The current DID:PLC model#
Conceptually the DID:PLC server performs two distinct functions:
Sequencing#
Users sign their own DID update operations, but the validity or invalidity of an operation can depend on what time it was sent in relation to other operations on the same DID. The DID:PLC server registers the time at which it received the operation and uses this to validate or invalidate each operation.
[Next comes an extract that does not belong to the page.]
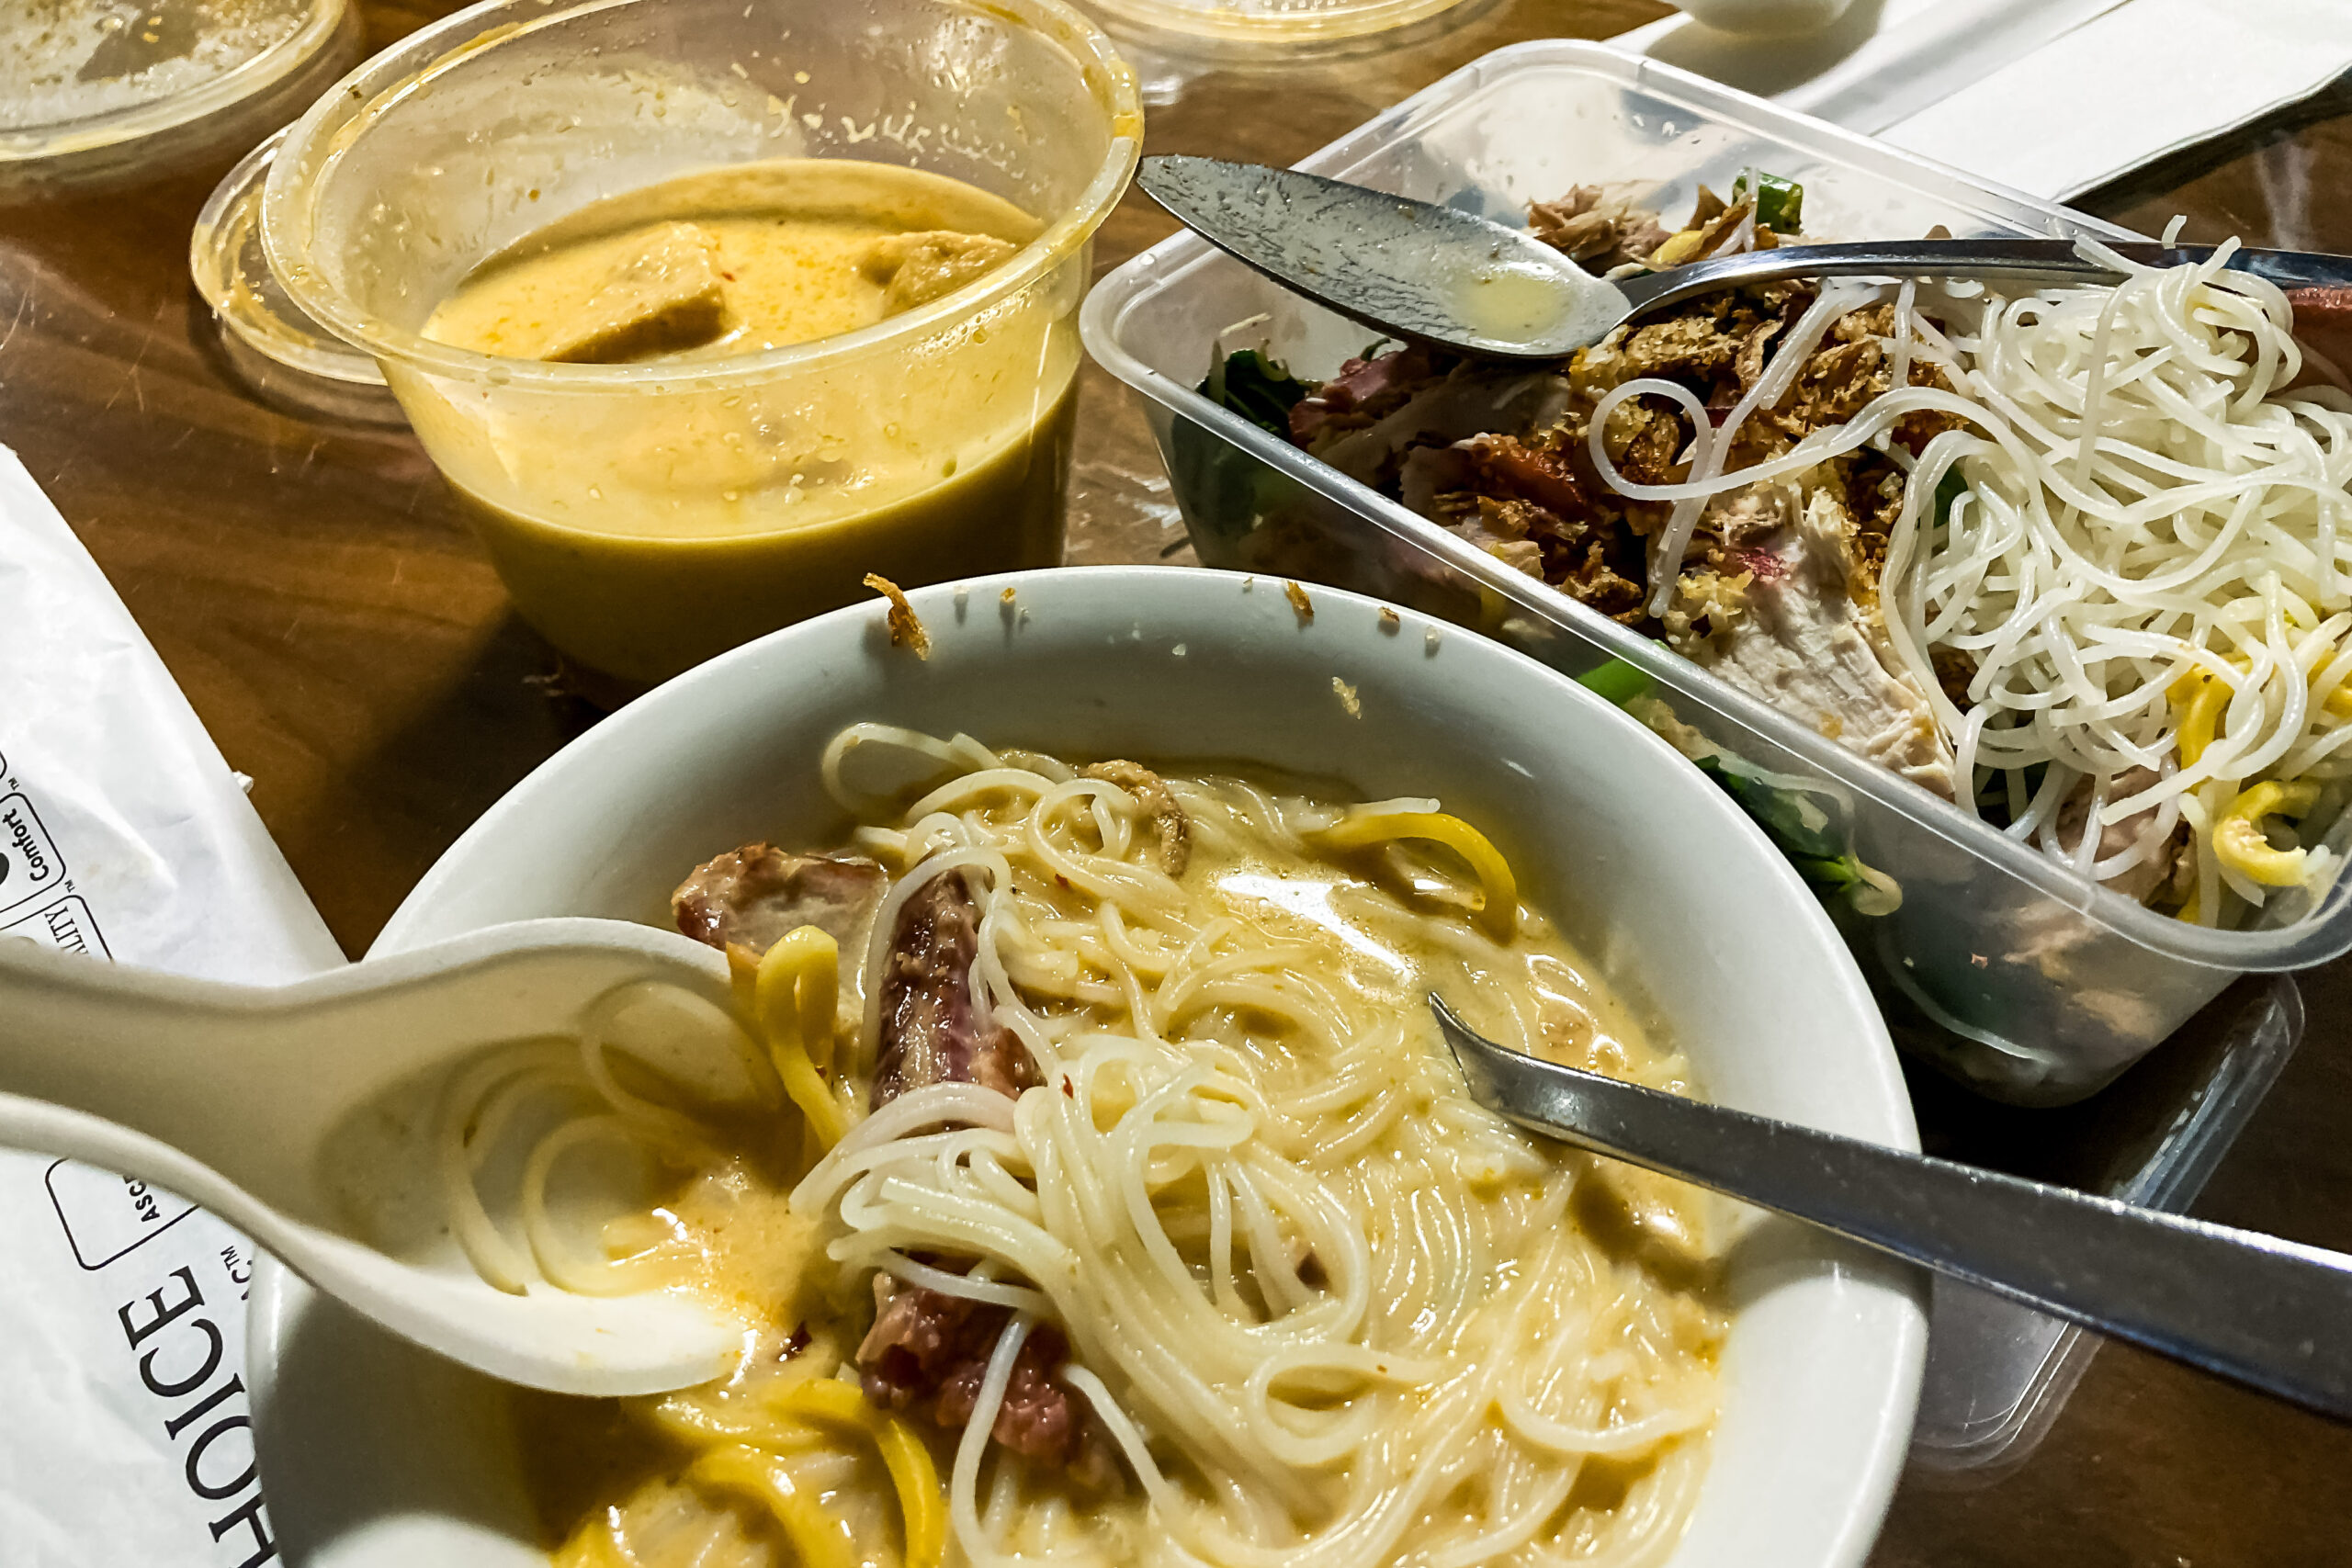 A bowl filled with noodles, and a round container with orange curry soup and an oblong container with more noodles and cooked meat

Any other user who possessed the same updates that the DID:PLC server did, and also knew at what time they were received, could unambiguously reach the same conclusion about the current state of the DID.
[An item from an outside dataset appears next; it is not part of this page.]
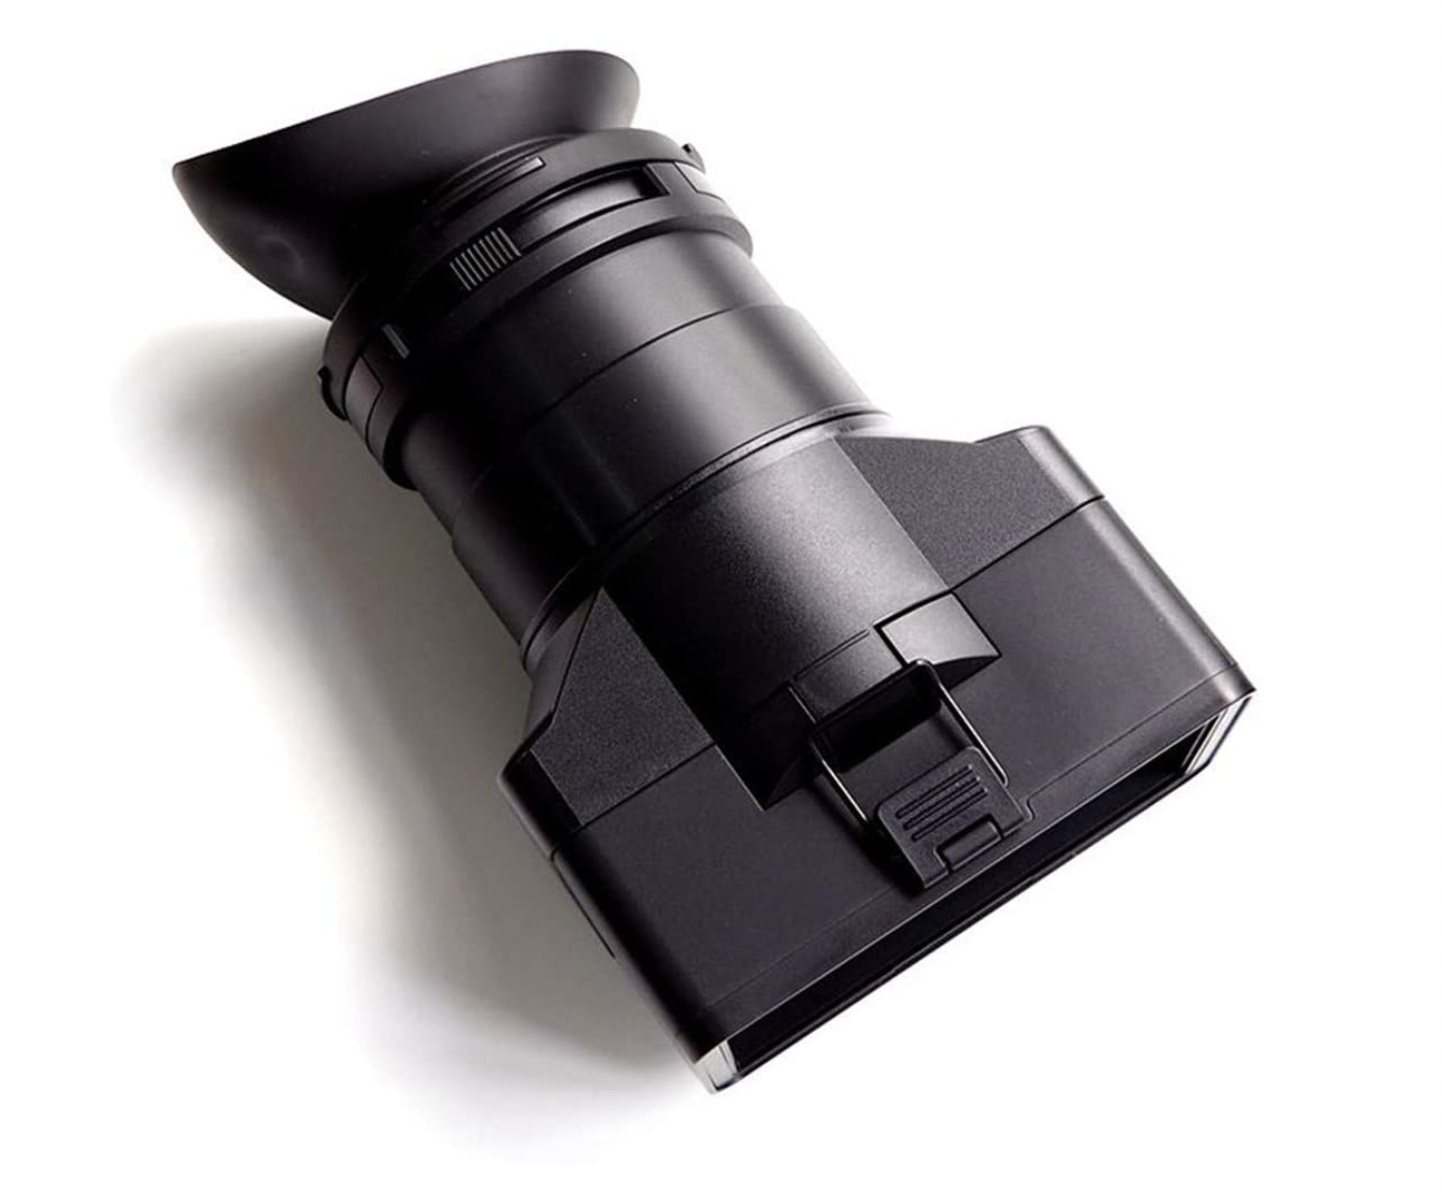 Sony Pt No. A2063335A Viewfinder Block Assembly for FS7

This document will refer to the server performing this role as a "sequencer".
Serving queries#
DID:PLC server keeps a record of all updates, and serves the end user (or a mirror) either the current state of a DID or the record of updates to it (the audit log).
Problems with the current DID:PLC model#
The single source of authority about DID:PLC updates is the central DID:PLC server which serves updates over TLS. A malicious or broken DID:PLC could engage in:
Censorship#
The server can maliciously refuse to accept updates.
It can also refuse to tell users and mirrors which updates it has accepted, in which case it will not be possible to run an honest mirror, so users cannot get information from any other source even if there is one they trust that was online when the updates were made.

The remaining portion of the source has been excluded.